Question

Consider the probability that greater than 94 out of 153 people will not get the flu this winter. Assume the probability that a given person will not get the flu this winter is 65%. Approximate the probability using the normal distribution. Round your answer to four decimal places.

Answer 1

To find the probability of more than 94 out of 153 people not getting the flu, we use the normal distribution approximation. The mean and standard deviation are calculated based on the given probabilities. We then use the normal distribution table or a calculator to find the probability.

Step-by-step explanation:

To find the probability that greater than 94 out of 153 people will not get the flu, we can use the normal distribution approximation. First, we need to calculate the mean and standard deviation of the number of people who will not get the flu.

The mean, μ, can be calculated by multiplying the total number of people by the probability that a given person will not get the flu, which is 65%. So, μ = 153 * 0.65 = 99.45.

The standard deviation, σ, is equal to the square root of the number of people multiplied by the probability of not getting the flu multiplied by the probability of getting the flu. So, σ = sqrt(153 * 0.65 * 0.35) = 4.86.

Using these values, we can calculate the probability using the normal distribution table or a calculator. We want to find the probability of getting more than 94 people not getting the flu, which is equivalent to finding the area to the right of 94 when using the normal distribution curve. Round the answer to four decimal places.

Answer 2

0.8212 = 82.12% probability that greater than 94 out of 153 people will not get the flu this winter.

Step-by-step explanation:

Binomial probability distribution

Probability of exactly x sucesses on n repeated trials, with p probability.

Can be approximated to a normal distribution, using the expected value and the standard deviation.

The expected value of the binomial distribution is:

`E(X) = np`

The standard deviation of the binomial distribution is:

`√(V(X)) = √(np(1-p))`

Normal probability distribution

Problems of normally distributed samples can be solved using the z-score formula.

In a set with mean
`\mu` and standard deviation
`\sigma`, the zscore of a measure X is given by:

`Z = (X - \mu)/(\sigma)`

The Z-score measures how many standard deviations the measure is from the mean. After finding the Z-score, we look at the z-score table and find the p-value associated with this z-score. This p-value is the probability that the value of the measure is smaller than X, that is, the percentile of X. Subtracting 1 by the pvalue, we get the probability that the value of the measure is greater than X.

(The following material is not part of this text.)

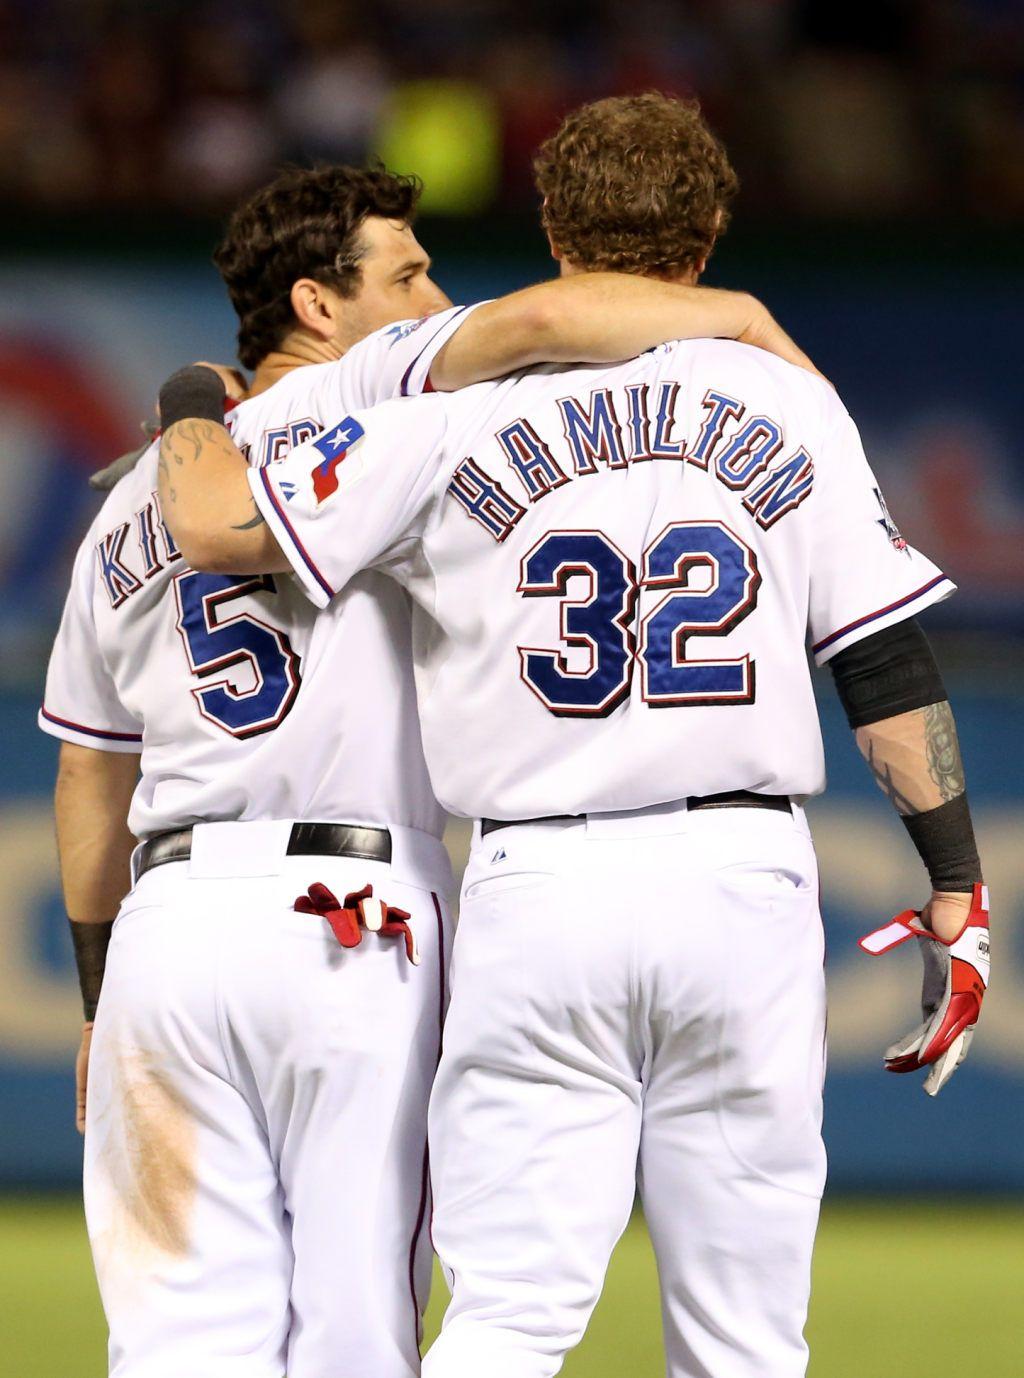 new arrival 37643 20e8d Ian Kinsler and Josh Hamilton of the Texas Rangers talk as ...
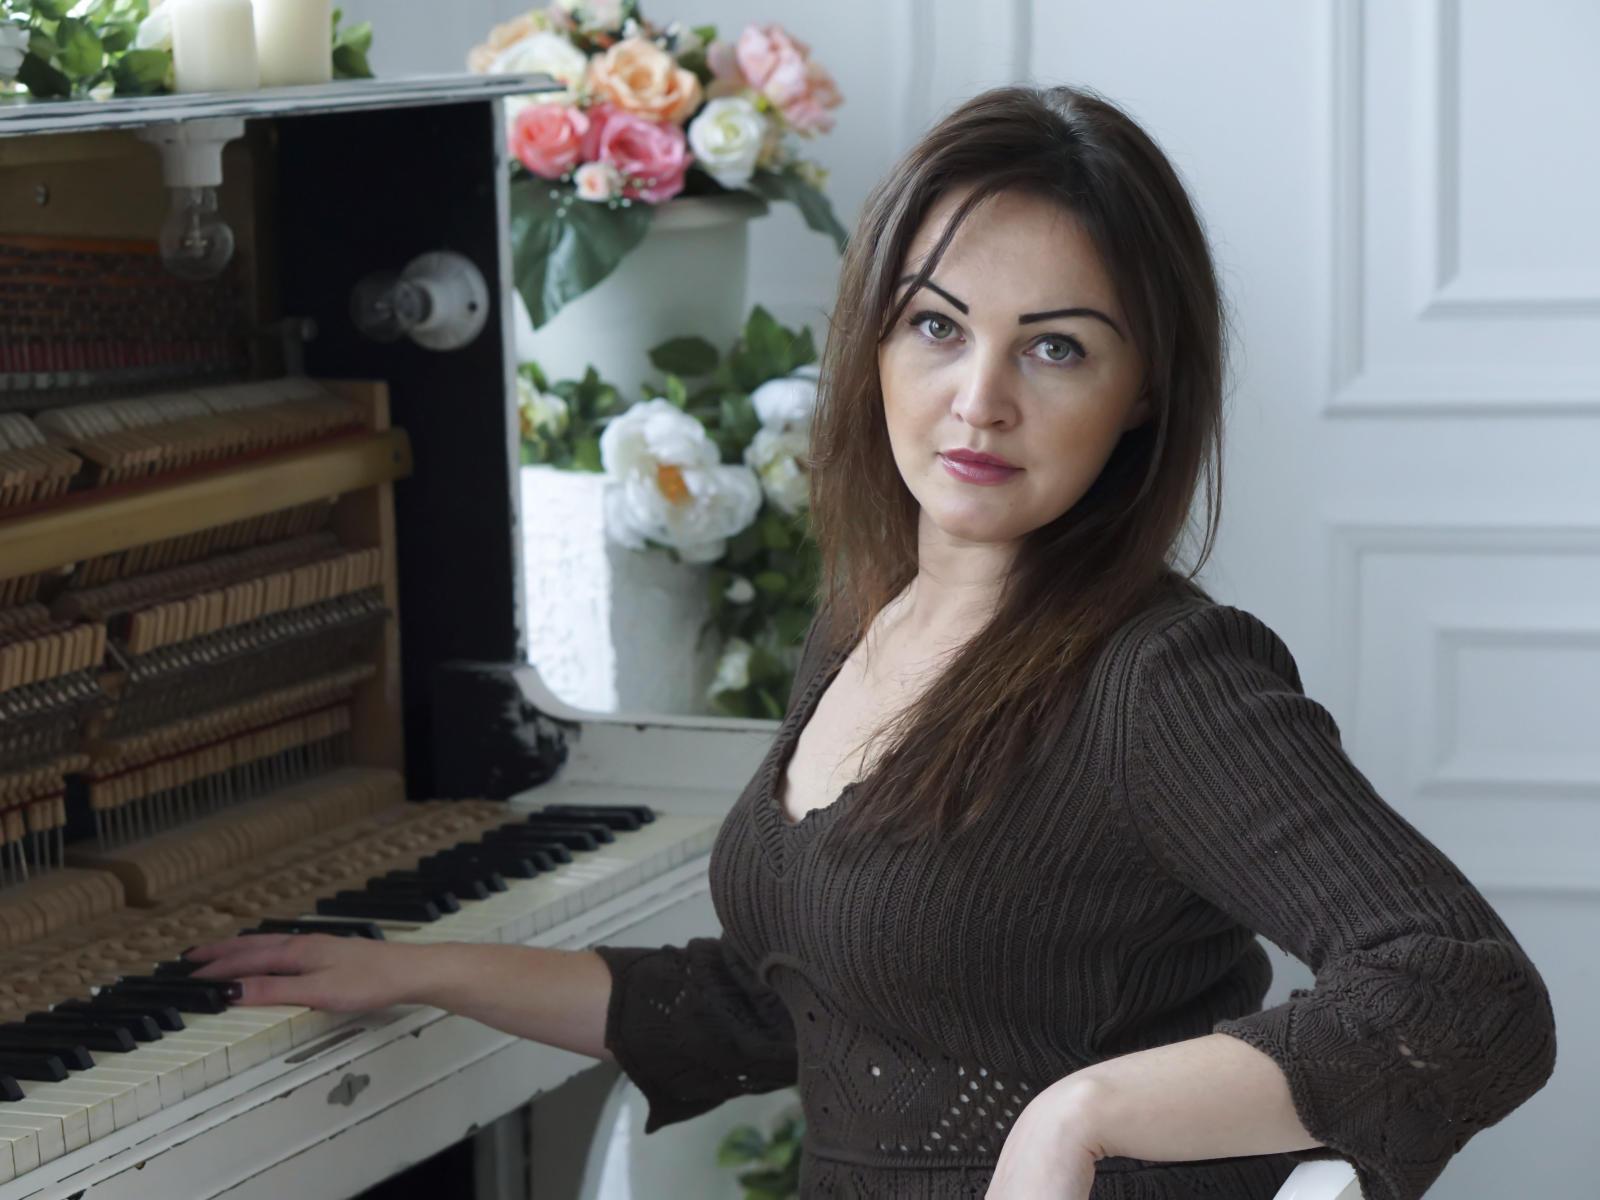 Ingyenes pornó tv-streaming

When we are approximating a binomial distribution to a normal one, we have that
`\mu = E(X)`,
`\sigma = √(V(X))`.

In this problem, we have that:

`p = 0.65, n = 153`. So

`\mu = E(X) = 153*0.65 = 99.45`

`\sigma = √(V(X)) = √(np(1-p)) = √(153*0.65*0.35) = 5.9`

Consider the probability that greater than 94 out of 153 people will not get the flu this winter

This probability is 1 subtracted by the pvalue of Z when X = 94. So

`Z = (X - \mu)/(\sigma)`

`Z = (94 - 99.45)/(5.9)`

`Z = -0.92`

`Z = -0.92` has a pvalue of 0.1788

1 - 0.1788 = 0.8212

0.8212 = 82.12% probability that greater than 94 out of 153 people will not get the flu this winter.